A. Key Tenets of SOA

The concept of Service-Oriented Architecture (SOA) is clouded by misinformation, folklore, and an alphabet-soup of acronyms. Complex enterprises look to the SOA paradigm for responsiveness, scalability, quality of service (QoS), and cost-effectiveness, but these attributes do not come automatically with the decision to adapt service-oriented methodologies. In fact, SOA can even rapidly propagate incorrect or out-of-context data if not properly designed and configured [10]. This section will clarify the taxonomy of related and intertwined technologies; explain the benefits, drawbacks, and misconceptions of SOA; and present guidelines for avoiding some common SOA pitfalls.
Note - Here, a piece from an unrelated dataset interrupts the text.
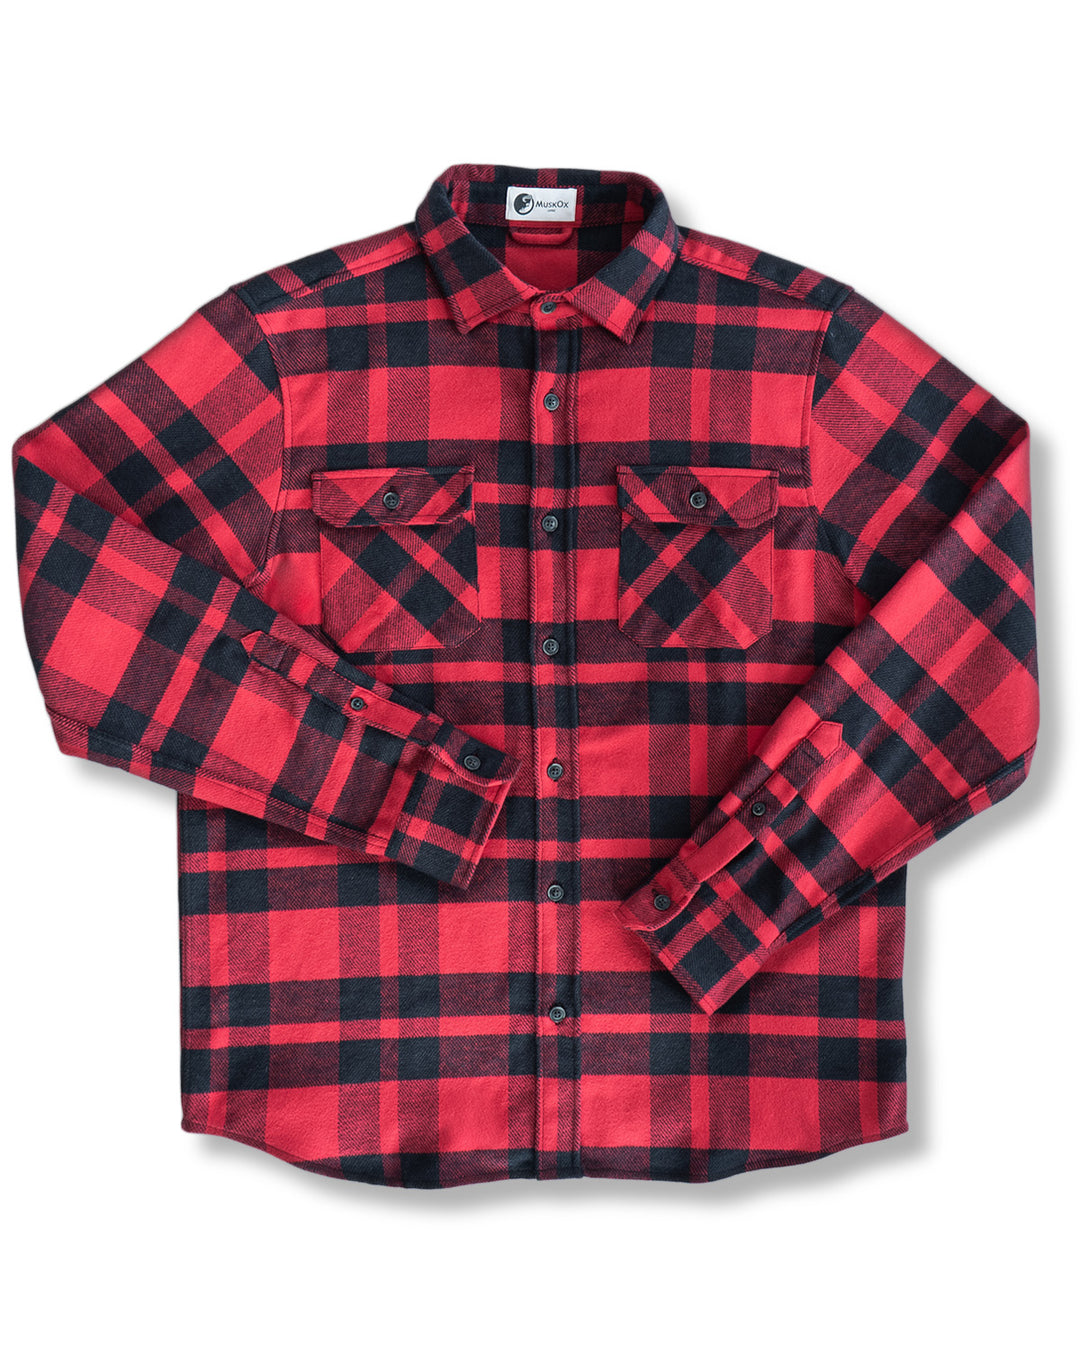 Men's L.A Logo Flannel Shirt Black Checkered Light Weight with

The key tenet of SOA is that certain distributed applications are best implemented using a multitude of stateless, loosely coupled software components that each provides functionality in the form of a service [11]. Various mechanisms are then used to allow for the discovery (finding available services), selection (choosing an appropriate service for a task – often autonomously), binding (temporarily linking or coupling between services), and composition (solving complex tasks through the combined outputs of multiple services). While older designs tended to result in a compromise-driven “lessor of evils” approach to coordinating the physical network architecture with the software intended to run on it, SOA allows the software to run optimally as the network dynamically expands, contracts, or reconfigures as a result of changing user needs, resource availability, and system connectivity. An overall information architecture to meet the needs of complex dynamic distributed systems requires a synergistic relationship between the network topology, information pipeline, and software-level tools.

B. Taxonomy of Related Terms

The recent surge in popularity of “cloud computing” has led to increased confusion over terminology describing distributed architectures. The National Institute of Standards and Technology (NIST) definition of cloud computing [12] is rather broad and includes deployment models for private clouds, community clouds, public clouds, and hybrid clouds. It is informative to briefly discuss these models. A private cloud is intended for the sole utilization of a single organization. It may, however, be hosted and/or managed by a third-party. A community cloud is shared between multiple organizations that (generally) are working together toward a shared goal or pursuit. In a public cloud, the cloud service provider offers usage of the cloud to the general public in accordance with whatever terms of service (e.g. pricing, privacy, functionality) the provider decides on in accordance with their business model. This is currently the most common model and includes services such as web-based email (e.g.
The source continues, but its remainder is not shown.